Занятия наукой не приносили молодому студенту удовлетворения. Ему приходилось сталкиваться не с реальностью жизни и реальными человеческими страданиями, возбуждающими участие; «только валялись на столах удавленные старики, замерзшие на улице пьяные, убитые блудницы, которых трупы терзали студенты, смеясь и кощунствуя всячески». Эти студенты думали только об экзаменах и карьере, Леонтьев «с утра до вечера думал и мучился обо всем»; именно в это период жизни он утратил надолго детскую веру [342].
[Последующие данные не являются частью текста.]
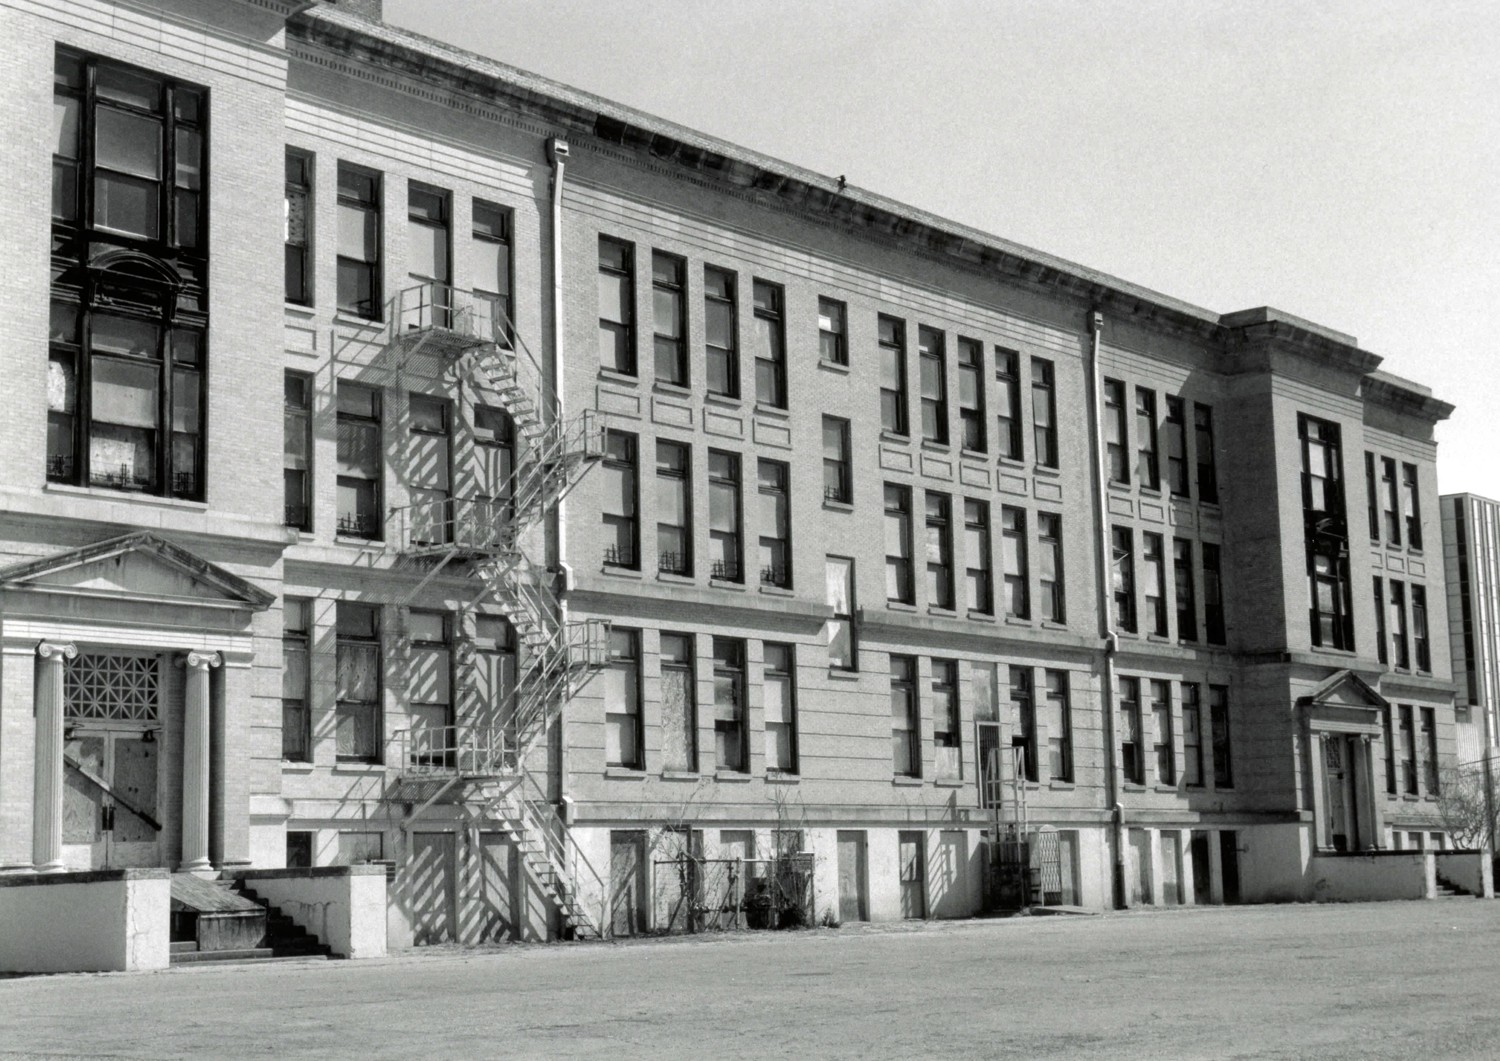 Waco High School, Waco Texas North 9th Street facade Camera facing east (2008)

Интересно, что Леонтьев в качестве медика участвовал в крымской кампании одновременно с Толстым, не подозревая об этом. После возвращения с войны К. Н. Леонтьев приступает к первым литературным опытам. Неудачи на литературном поприще всю жизнь воспринимались им крайне болезненно, что, отчасти, стало одной из причин критического отношения к гораздо более успешному автору – Ф. М. Достоевскому.
Тяжелое материальное положение стало главной причиной решения вернуться на государственную службу. Так начинается дипломатический период в жизни Леонтьева, продолжавшийся восемь лет, с 1863 по 1871 гг., и включавший службу на Крите, в Адрианополе, Белграде, Тульче, Янине и, наконец, в Салониках. Таким образом, дипломатическая карьера писателя, в отличие от литературной, складывалась очень удачно. Последнее назначение, в Салоники, по всей видимости, свидетельствует о том, что посол России в Турции, граф Н. П. Игнатьев, прочил Леонтьеву блестящее будущее, желая назначить его на пост генерального консула.
Салоники(Фессалоники, слав. Солунь) – второй по величине город современной Греции. В древности – один из крупнейших городов Византии. Уроженцами Салоник были св. мученик Дмитрий Солунский, св. равноапостольные Кирилл и Мефодий. В XIX веке – крупнейший после Константинополя центр торговли европейской Турции, место пребывания консула Российской империи.
Игнатьев Н. П. (1832–1908) граф, – генерал от инфантерии, генерал-адъютант. Русский посланник в Китае (1859–1860), посол Российской Империи в Константинополе. (1864–1877), министр внутренних дел (1881–1882).
Но Салоникам суждено было сыграть совершенно другую роль в жизни Леонтьева. Речь идет о чудесном исцелении от болезни. Одно из наиболее полных описаний этого душевного переворота содержится в письме В. В. Розанову от 14 августа 1891 года.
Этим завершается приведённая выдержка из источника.